Programmers can cope with almost infinitely messy interfaces if they must (as witness X programming before Tk), but convincing them to use a new interface voluntarily requires ease of use. Ideally, doing it right should be easier than doing it wrong. If there are concrete benefits from doing it right, doing it right can be slightly harder than doing it wrong. However, message-catalog facilities are almost always quite a bit harder to use than puts. Hence applications typically use message catalogs only when it is explicitly demanded by the requirements, and retrofitting an application to use a message catalog is painful.
A carefully designed message-catalog facility can be almost as easy to use as puts, and retrofitting it into a program can be relatively easy. The lookup key should be the message in the original language.

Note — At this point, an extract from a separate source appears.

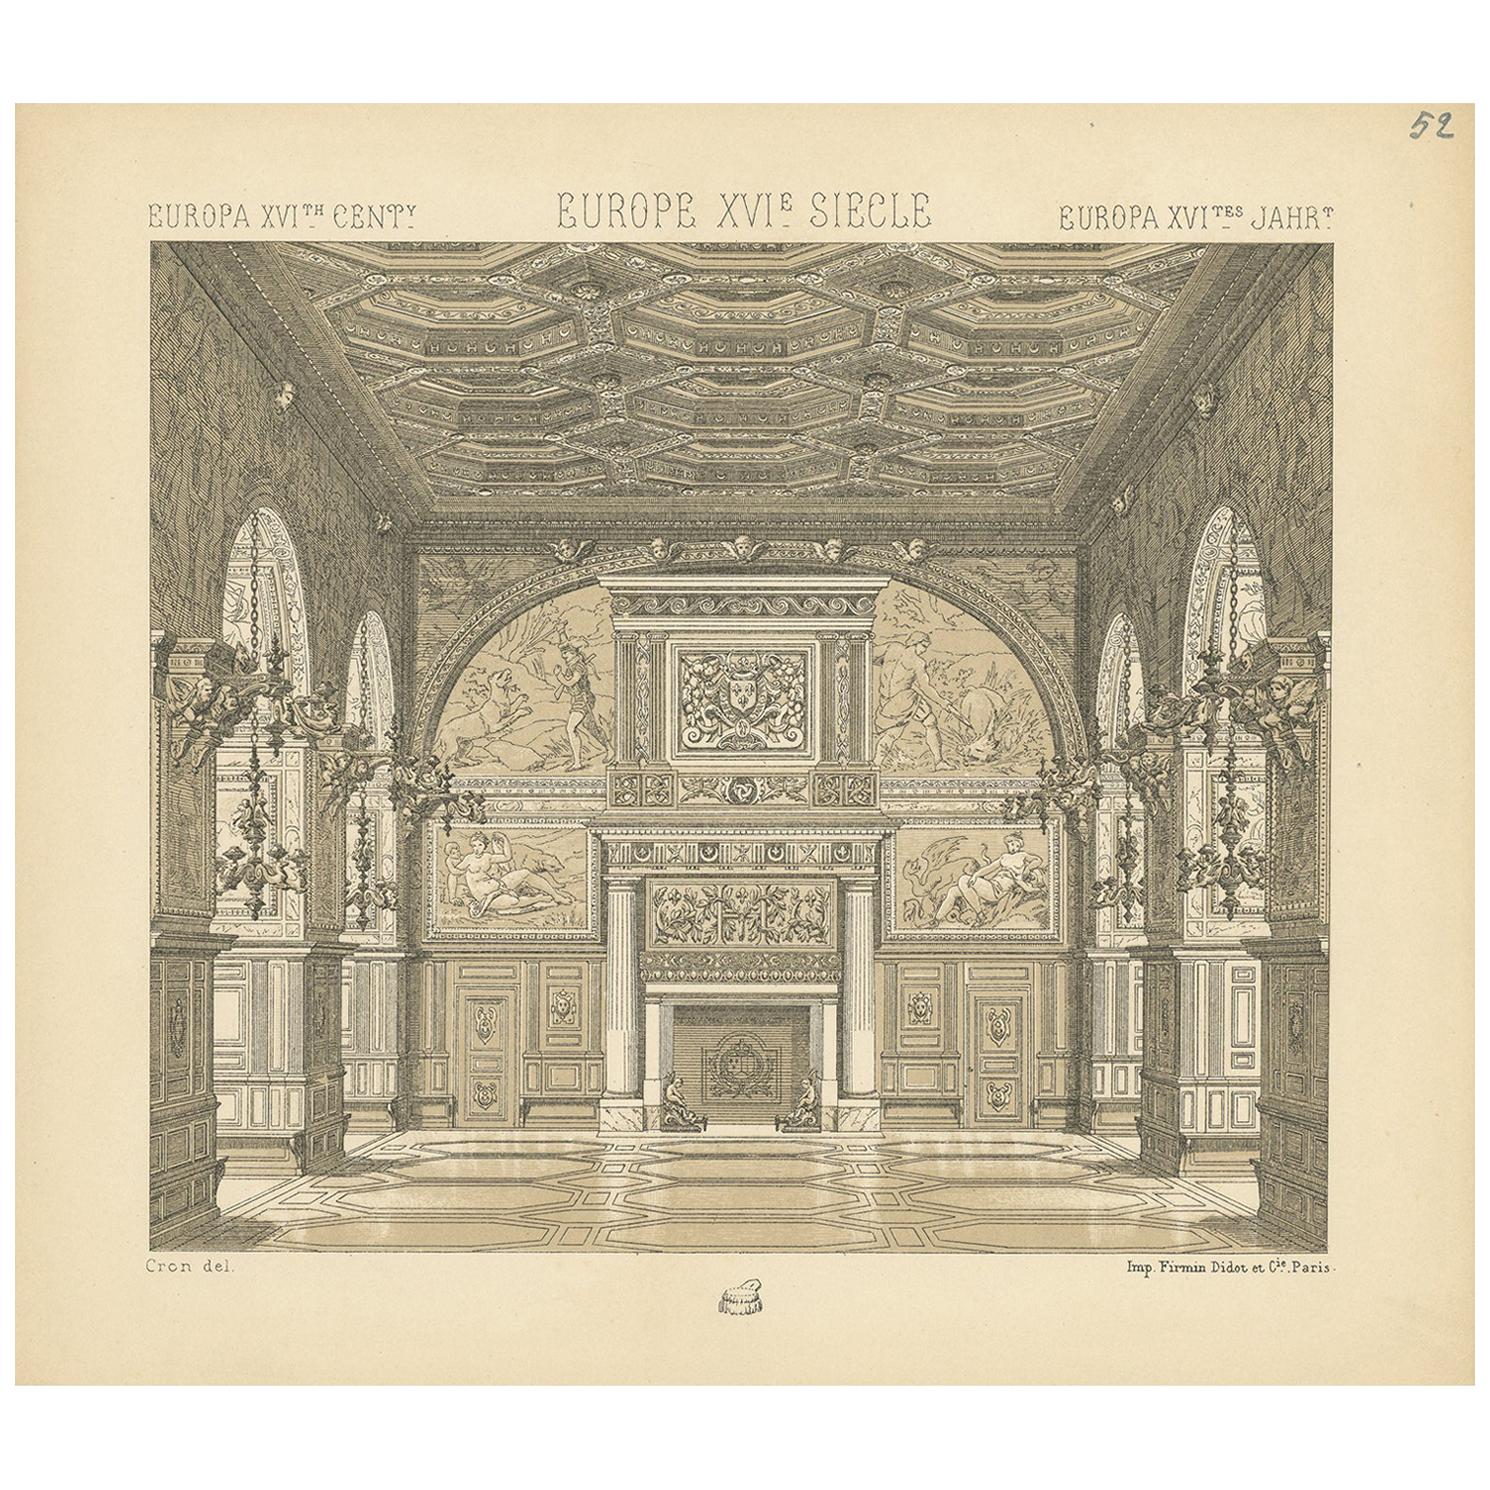 Pl. 52 Antique Print of European 16th Century Architecture, Racinet, circa 1880

Simple provisions for nested subtranslations, untranslated substrings, disambiguating tags, and either explicit (call a procedure) or implicit (done as part of output) translation are essential. Doing all this for Tcl takes care but is practical.

Introduction

Building applications that are portable across computers is easy. Building applications that are portable across national, linguistic, and cultural boundaries is not easy. Many issues need to be addressed: character sets, screen layout, language, formatting conventions, etc. Parameterizing an application to automatically adapt itself to all of these things is an unsolved problem, but much can (and should) be done.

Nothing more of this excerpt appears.